Tag Archives: splicing

Tip of the Week: SKIPPY predicting variants w/ splicing affects


More and more disease-causing mutations are being identified in exonic splicing regulatory sequences (ESRs). These disease effects can result from ESR mutations that cause exon skipping in functionally diverse genes. In today’s tip I’d like to introduce you to a tool designed to detect exon variants that modulate splicing. The tool is named SKIPPY and has been developed and is maintained by groups in the Genomic Functional Analysis research section of the NHGRI.
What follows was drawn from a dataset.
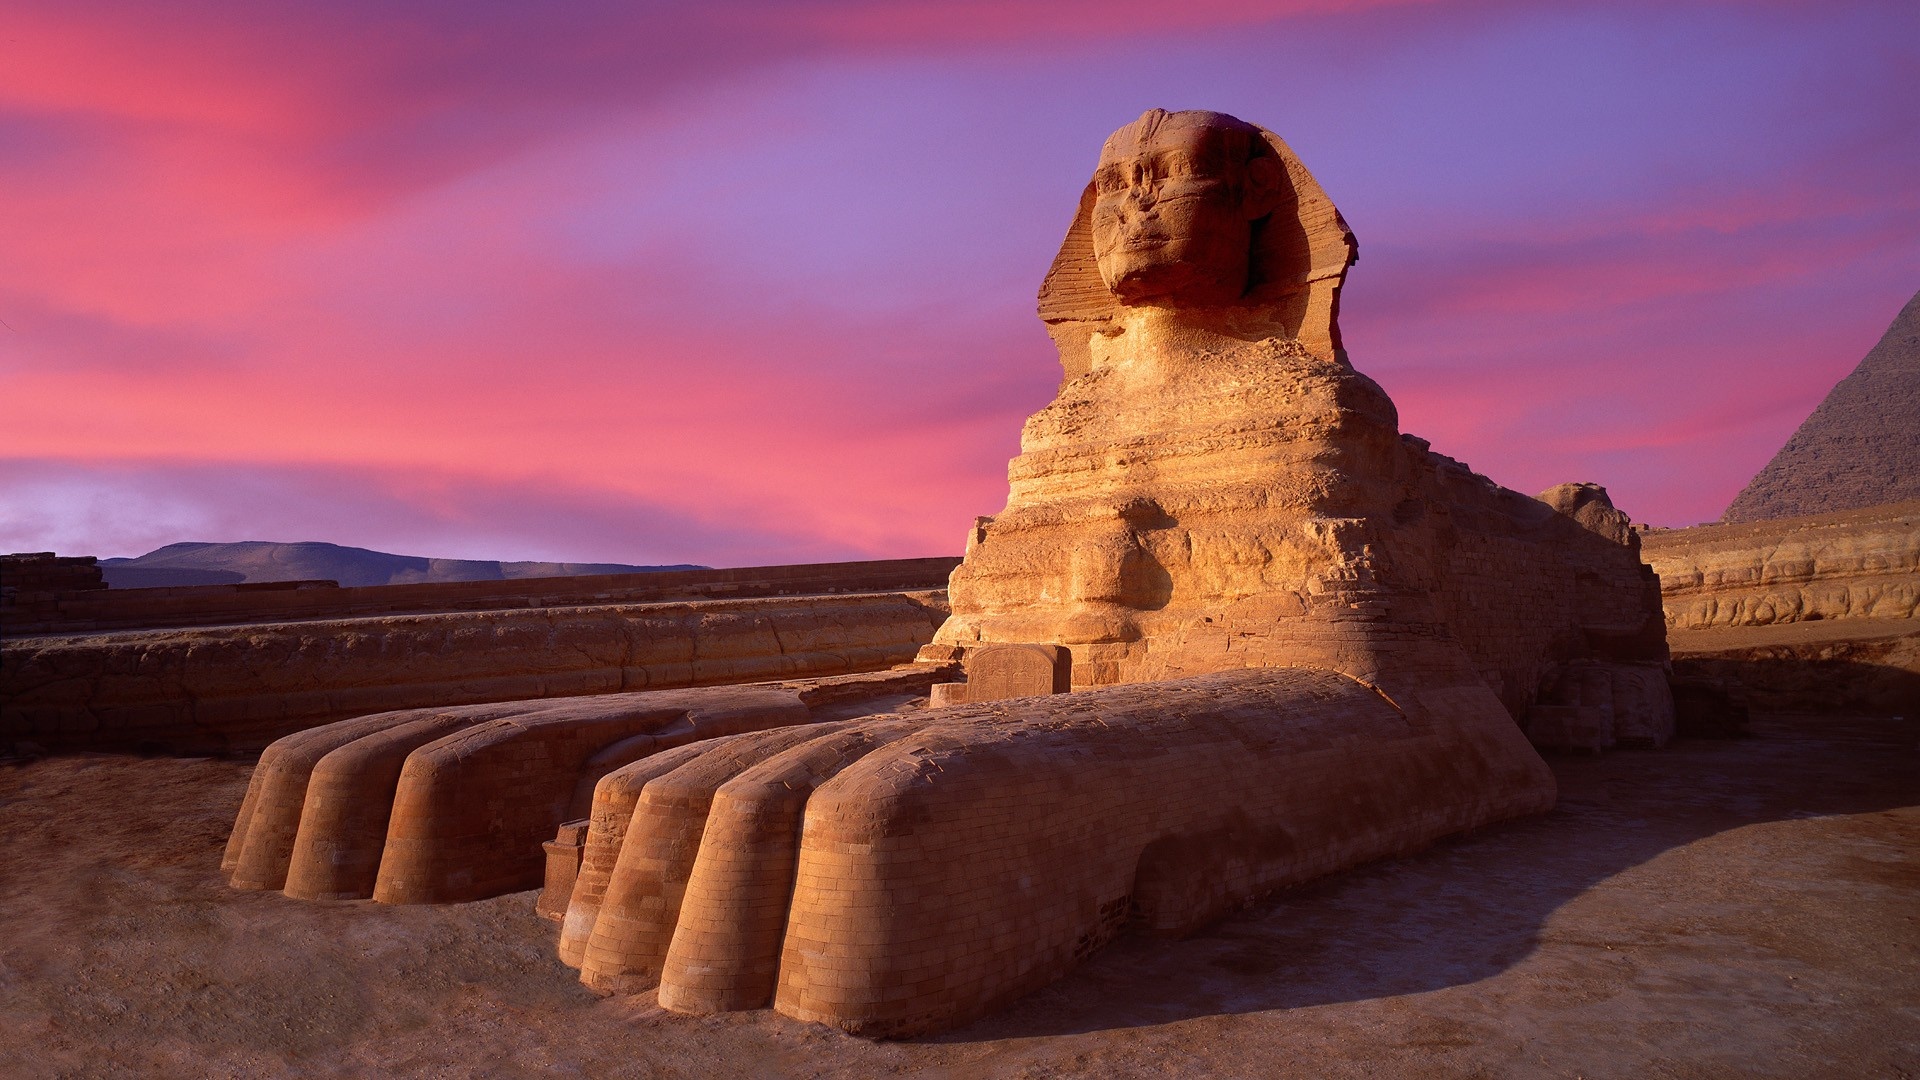 Upper Egypt winter season, Tourism optimism, Luxor travels, Mediterranean observer, 1920x1080 Full HD Desktop

At the end of the post I cite a very well-written paper describing the development of SKIPPY, as well as the background on why the tool was developed. I won’t have time to go into all those details, but if you are interested the paper is freely available from Genome Biology. The site also has nice, clear documentation and example inputs – which I will use as my examples. Splicing can be modulated in a variety of ways, including the loss or gain of exonic splicing enhancers (ESEs) or silencers (ESSs). Variants accomplishing either of those are referred to as splice-affecting genome variants, or SAVs. Not all of the abbreviations are explained on the results page, as you will see in the tip, but all are explained in detail in the SKIPPY publication, and the  ‘Methods and Interpretations‘ and ‘Quick Reference and Tutorial‘ areas of the site.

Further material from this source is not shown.